Solving $\sin5x \cos3x = \sin6x \cos2x$ two ways gives different solutions. Which approach is correct? The question is:

$$\sin5x \cos3x = \sin6x \cos2x$$

I had two approaches:

*

*$$\sin5x \cos3x = \sin6x \cos2x \\
   2\sin5x \cos3x = 2\sin6x \cos2x \\
   \sin8x+\sin2x=\sin8x+\sin4x \\
   \sin2x=\sin4x \\ \sin4x-\sin2x=0 \\
 2\sin x\cos3x=0  \\
\implies \sin x=0 \\ x=n\pi
\implies  \cos3x=0 \\ 3x={(2n+1)\pi}/2 \\
x={(2n+1)\pi}/6$$
These were the solutions in the first approach.


*$$\sin5x \cos3x = \sin6x \cos2x \\
   2\sin5x \cos3x=2\sin6x\cos2x \\
   \sin8x+\sin2x=\sin8x+\sin4x \\
   \sin2x=\sin4x\\ \sin4x-\sin2x=0 \\
   2\sin2x.\cos2x-\sin2x=0 \\
\sin2x(2\cos2x-1)=0 \\
\implies \sin2x=0 \\
x=n(π/2)\\
\implies 2\cos2x-1=0 \\
\cos2x=1/2 \\
2x=2n\pi\pm(\pi/3) \\
x=n\pi\pm(\pi/6)$$
These were my solutions in the second approach. This was also the approach given in the textbook for this question.  
My question is:

Why do these solutions not match in the two cases? Have I made any mistake in the first approach?
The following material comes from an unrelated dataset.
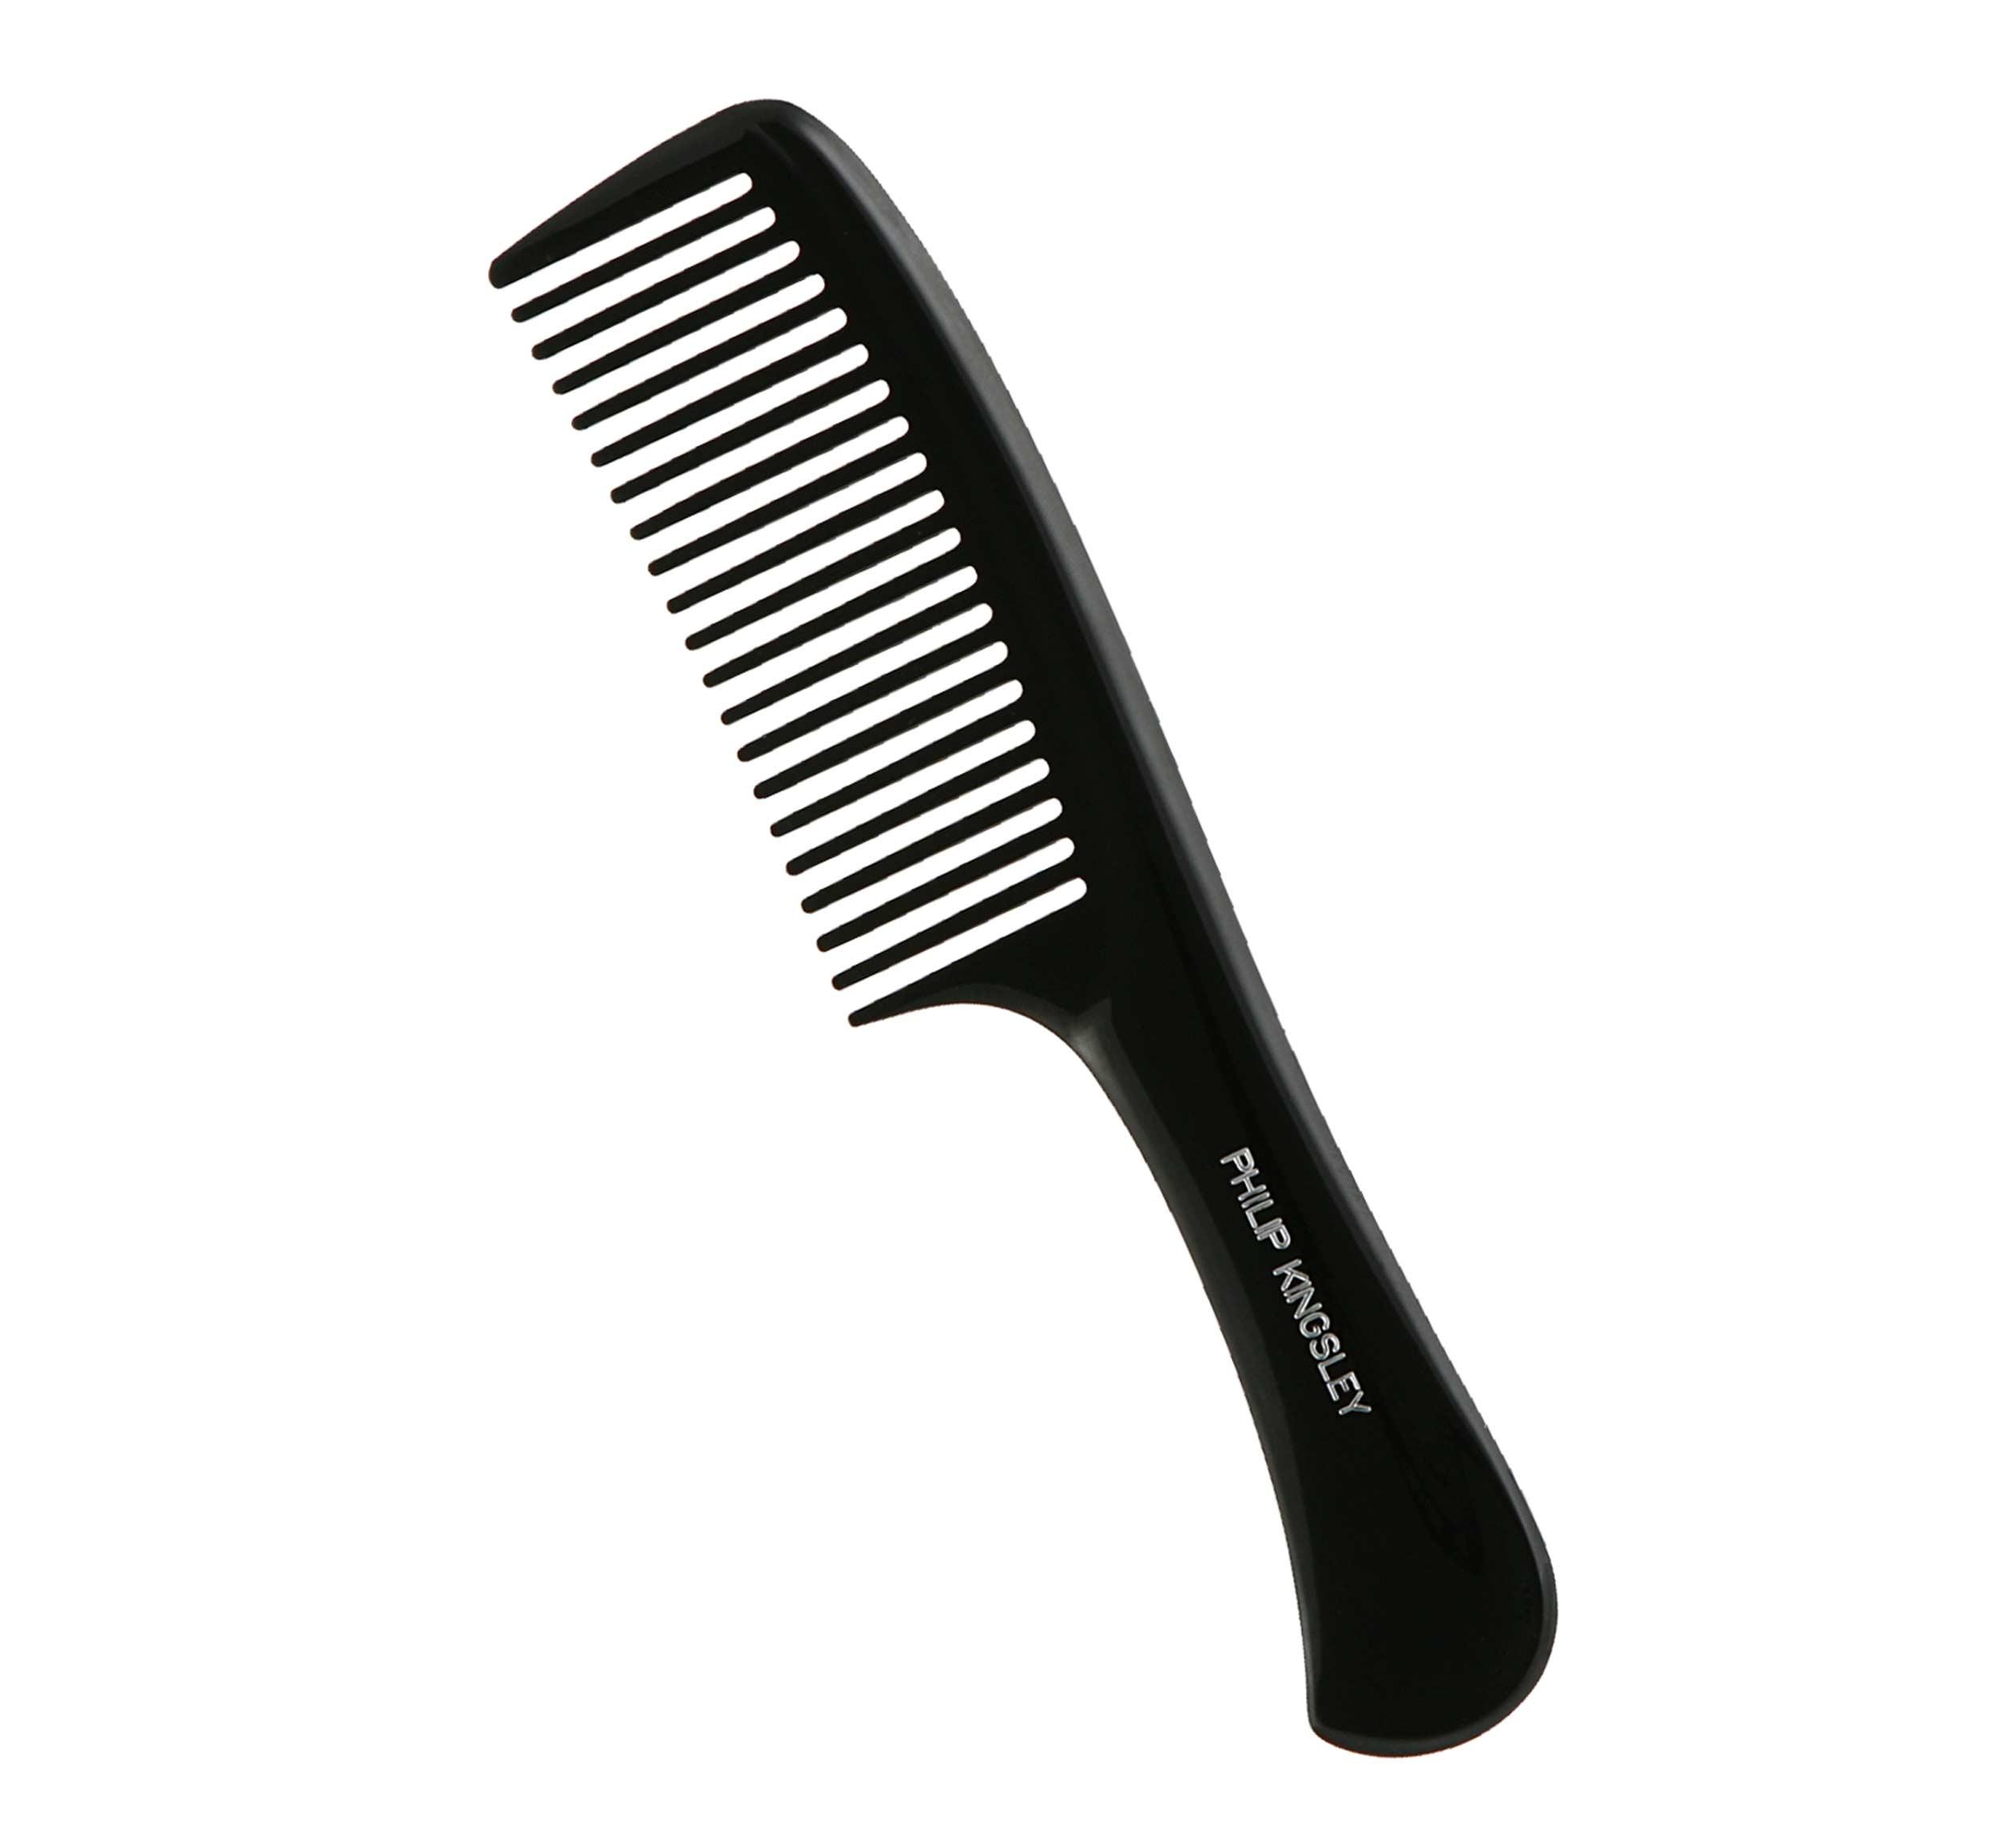 http://gr.strawberrynet.com/haircare/philip-kingsley/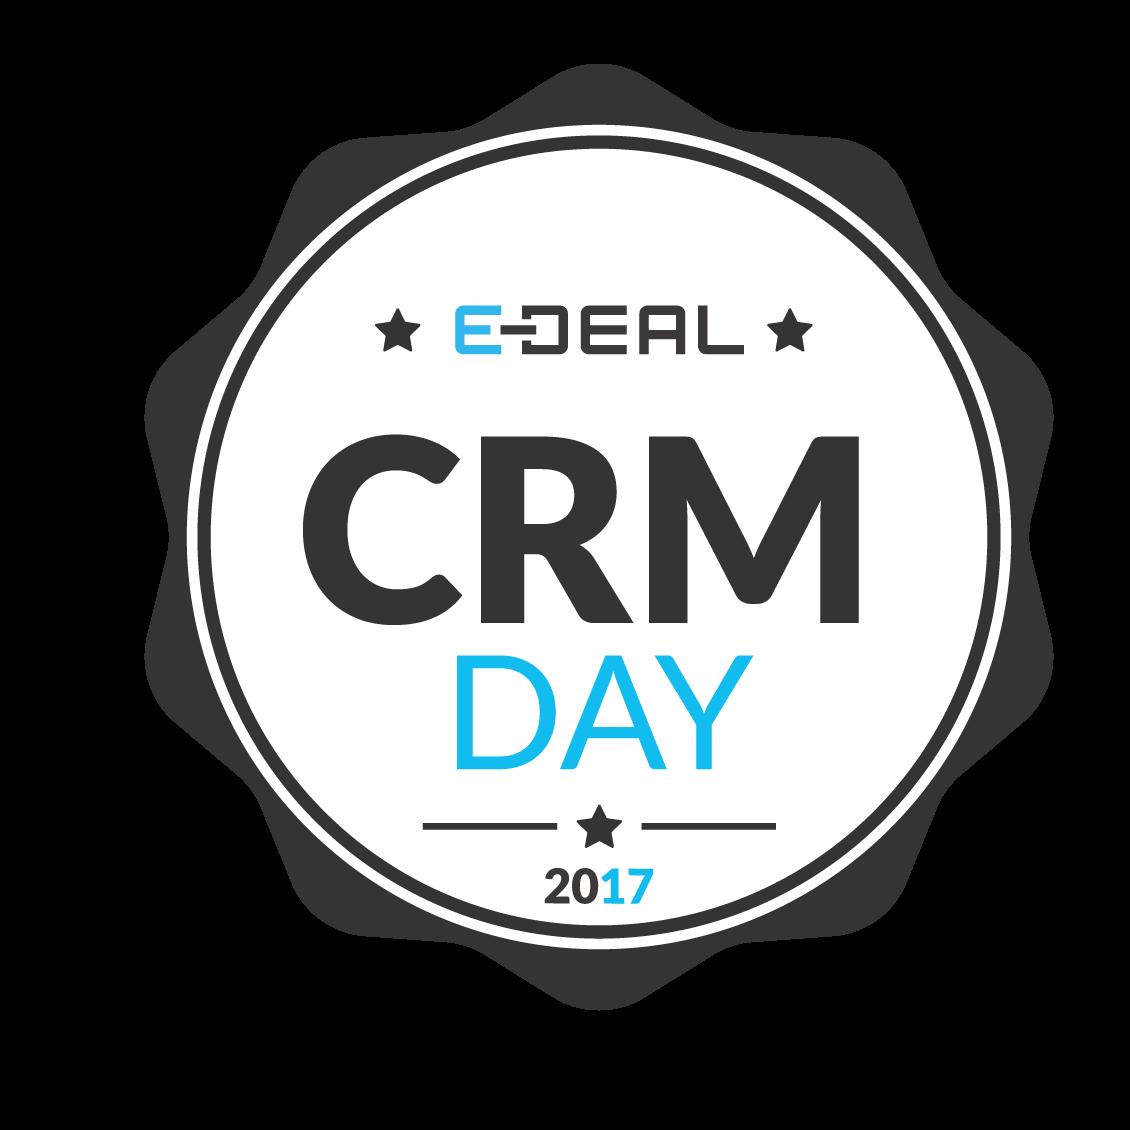 Le concept du E-DEAL CRM Day

 A: The two solutions are equivalent - they both include all numbers which are congruent to $0$, $\pi/6$, $\pi/2$ or $5\pi/6$ mod $\pi$. It is just that in your first solution you have divided into the first case and a combination of all others, whereas your other solution groups alternate cases together.
A: Your solutions are equivalent, indeed for $x\in [0,2\pi)$

*

*$x=n\pi \land x={(2n+1)\pi}/6 \implies x\in\{0,\frac \pi 6,\frac \pi 2,\frac 2 3 \pi,\pi,\frac 4 3 \pi,\frac 32\pi,\frac {11}6\pi\}$


*$x=n\frac \pi 2 \land x=n\pi\pm(\pi/6) \implies x\in\{0,\frac \pi 6,\frac \pi 2,\frac 2 3 \pi,\pi,\frac 4 3 \pi,\frac 32\pi,\frac {11}6\pi\}$
As an alternative by product to sum identities we have that
$$\sin(5x)\cos(3x)=\frac12\sin(8x)+\frac12\sin(2x)$$
$$\sin(6x)\cos(2x)=\frac12\sin(8x)+\frac12\sin(4x)$$
then
$$\sin(5x)\cos(3x)=\sin(6x)\cos(2x) \iff \sin(2x)=\sin(4x)$$
and use that
$$\sin A=\sin B \iff A=B+2k\pi \lor A=\pi - B+2k\pi$$
that is
$$x=k\pi \lor x=\frac \pi 6+k\frac \pi 3$$
which are equivalent to both your solutions.
A: Let $z=e^{i\theta}$.
$$(z^5-z^{-5})(z^3+z^{-3})=(z^6-z^{-6})(z^2+z^{-2})$$
expands as
$$z^2-z^{-2}=z^4-z^{-4}$$ or $$\sin2\theta=\sin 4\theta=2\sin2\theta\cos2\theta.$$
Hence you have the roots of $\sin2\theta$, $\dfrac{k\pi}2$, and the solutions of $\cos2\theta=\dfrac12$, $\pm\dfrac\pi6+k\pi$.
In terms of multiples of $\dfrac\pi6$,
$$0,3,5,6,7,9,11,12,13,15,17,18,19,21,23,24,25,\cdots$$
A: Case$\#1:$ $$\dfrac{m\pi}2=\dfrac{(2n+1)\pi}6$$
$$\iff2n+1=3m\iff2(n-1)=3(m+1)\iff3|(n-1)\iff n\equiv1\pmod3$$
Case$\#2:$
$$\dfrac{(2n+1)\pi}6=m\pi\pm\dfrac\pi6=\dfrac{\pi(6m\pm1)}6\iff2n+1=6m\pm1$$
For $'+',$ $$2n+1=6m+1\iff n=3m, n\equiv0\pmod3$$
For $'-',$ $$2n+1=6m-1\iff n=3m-1, n\equiv-1\pmod3$$
So, all three possible values of $n$ are covered.